Last April, the Commission published its so-called ‘collective redress’ proposal, a text aiming to empower consumers to obtain compensation in case of mass harm situations. The proposed text is complex and has thus far been shaped by strong political intentions, a cocktail which promises intense discussions in the Parliament and Council.
Let’s set the scene first. The political dynamite was triggered by the Diesel Gate case, where Commissioner Jourova acknowledged a weakness in the consumer protection rules when dealing with mass harm situations. Confronted by a lack of access for consumers to compensation in mass harm situations, the Commissioner for Justice, Gender Equality and Consumers promised herself that she would not quit her job before addressing this issue. Glancing at the United States and its class action model, assessing the effectiveness of Consumer Protection rules and also the limited national implementation of the Commission’s Recommendation on collective redress, the Commission collected its ingredients to mix a potent legislative proposal.
Under this proposal, specific bodies representing consumers’ interest, called ‘qualified entities’, would now be allowed to claim for compensation on behalf of consumers together with an injunction order. How would this work? In simple words, qualified entities would have to first seek an injunction order establishing the trader’s illegal practice and could then seek for a redress order forcing the trader to compensate consumers for the damages they suffered. This could either be done by the judge or through an out-of-court settlement reached between the trader and the qualified entity. To be valid, this settlement would nonetheless have to be approved by the judge. Concerning the fines, the proposal doesn’t provide any harmonization and leaves Member States free to determine the level of the penalty. We can suspect therefore that consumers will go to the Member States with higher fines (forum-shopping).
The legislative proposal is complex and the text received lukewarm reactions from a variety of concerned stakeholders. Businesses are concerned that the collective redress mechanism might introduce a much-feared US-class action model into the EU law; resulting in frivolous cases and abusive litigation, thus jeopardizing companies’ activities. Despite Jourova’s statements that safeguards have been inserted in the text, the private sector continues to stress the absolute necessity to avoid the creation of a US-class action system in Europe.
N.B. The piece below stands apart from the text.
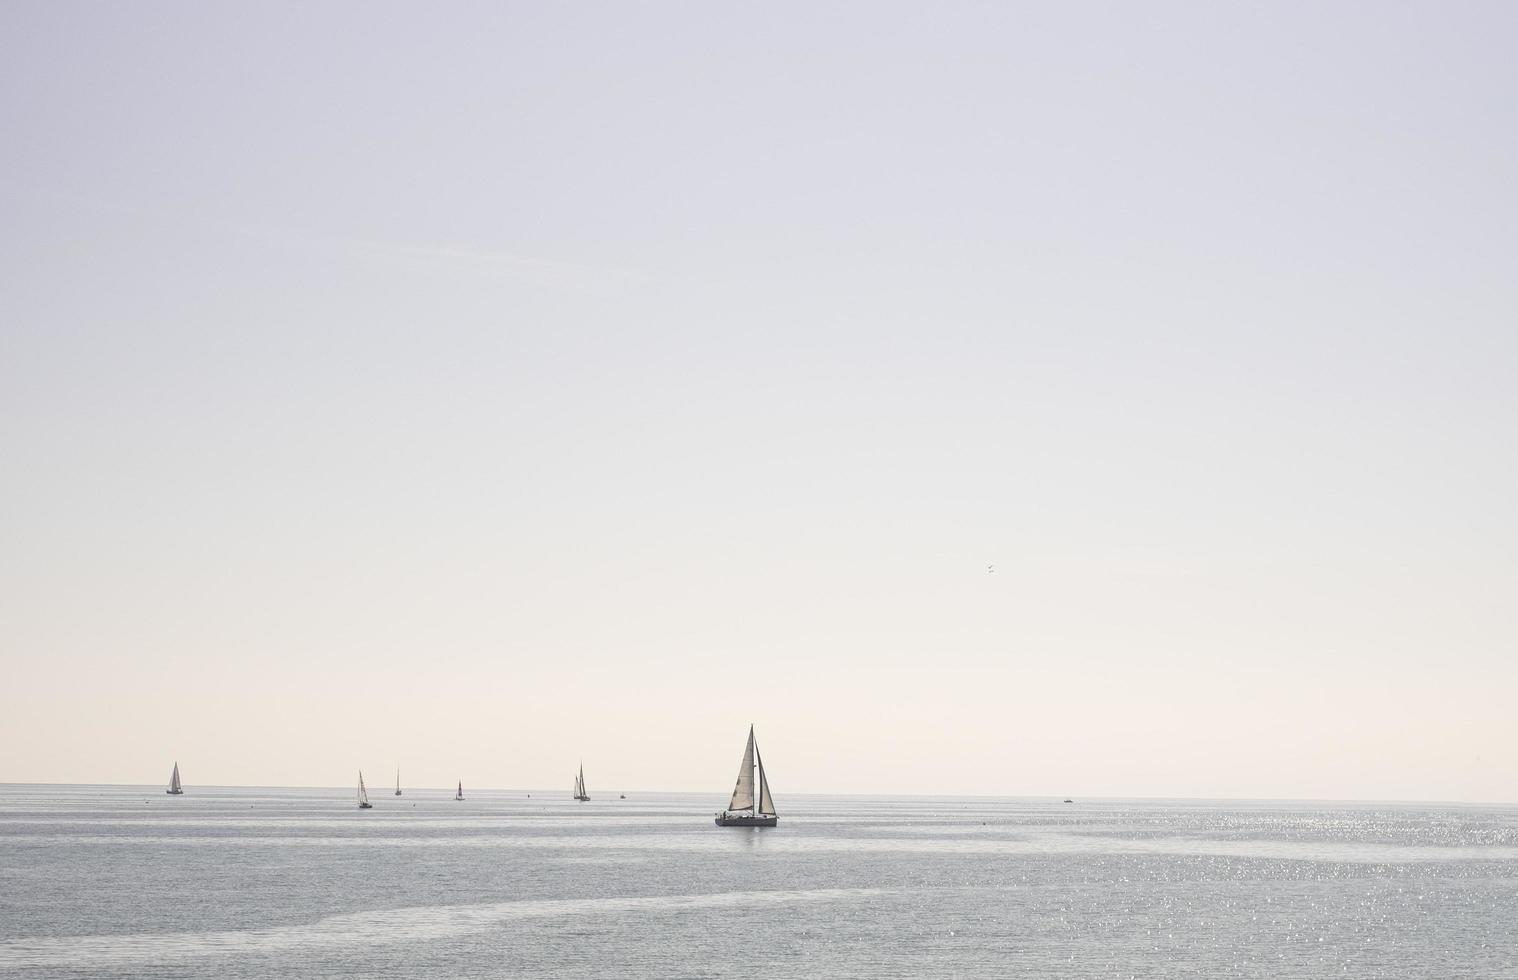 barca a vela che naviga nel mare in una giornata limpida foto

On their side, consumer associations feel that the Commission’s text doesn’t go far enough and continue to call for swifter collective redress procedures and avoiding a national fragmentation of the text by Member States’ implementation powers.
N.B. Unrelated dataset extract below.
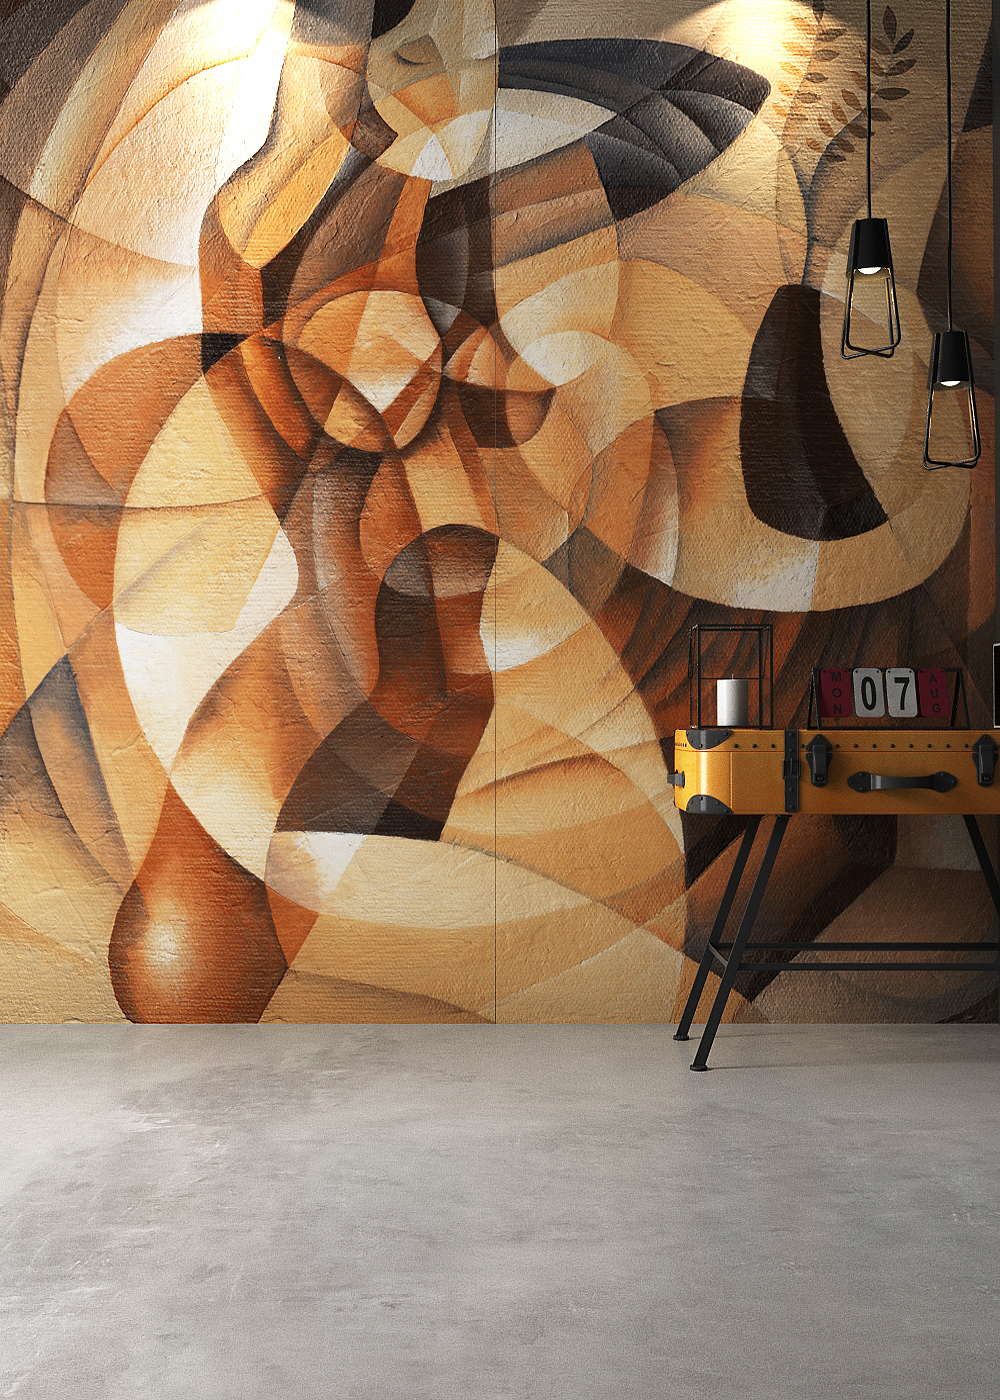 Kru Decor wall installation by Lioli Ceramica

The proposal is now in the hands of the Parliament and the Council for examination. In the Parliament, the Committees on Legal Affairs (JURI) and the Internal Market and Consumer Protection (IMCO) will share the work on the proposal, requiring the centre-right Geoffroy Didier (EPP, FR) and far-left Dennis De Jong (GUE, NT) to create a somewhat unnatural political collaboration. In the Council, the upcoming Austrian Presidency will have the difficult task of steering Member States’ work towards a General Approach and it appears already that divisions among the Council’s members will not facilitate the achievement of this goal.
While the timing is tight to conclude the legislative process under this Commission, the political moment appears to be well-timed to talk about collective redress issues. With ongoing revelations about Diesel Gate, the Cambridge Analytica scandal affecting millions of consumers, and the search for ‘consumer wins’ before the upcoming European elections, the political context provides an excellent base for the proposal’s progress. This will inevitably overshadow the upcoming debates which promise to be complex, intense and stormy.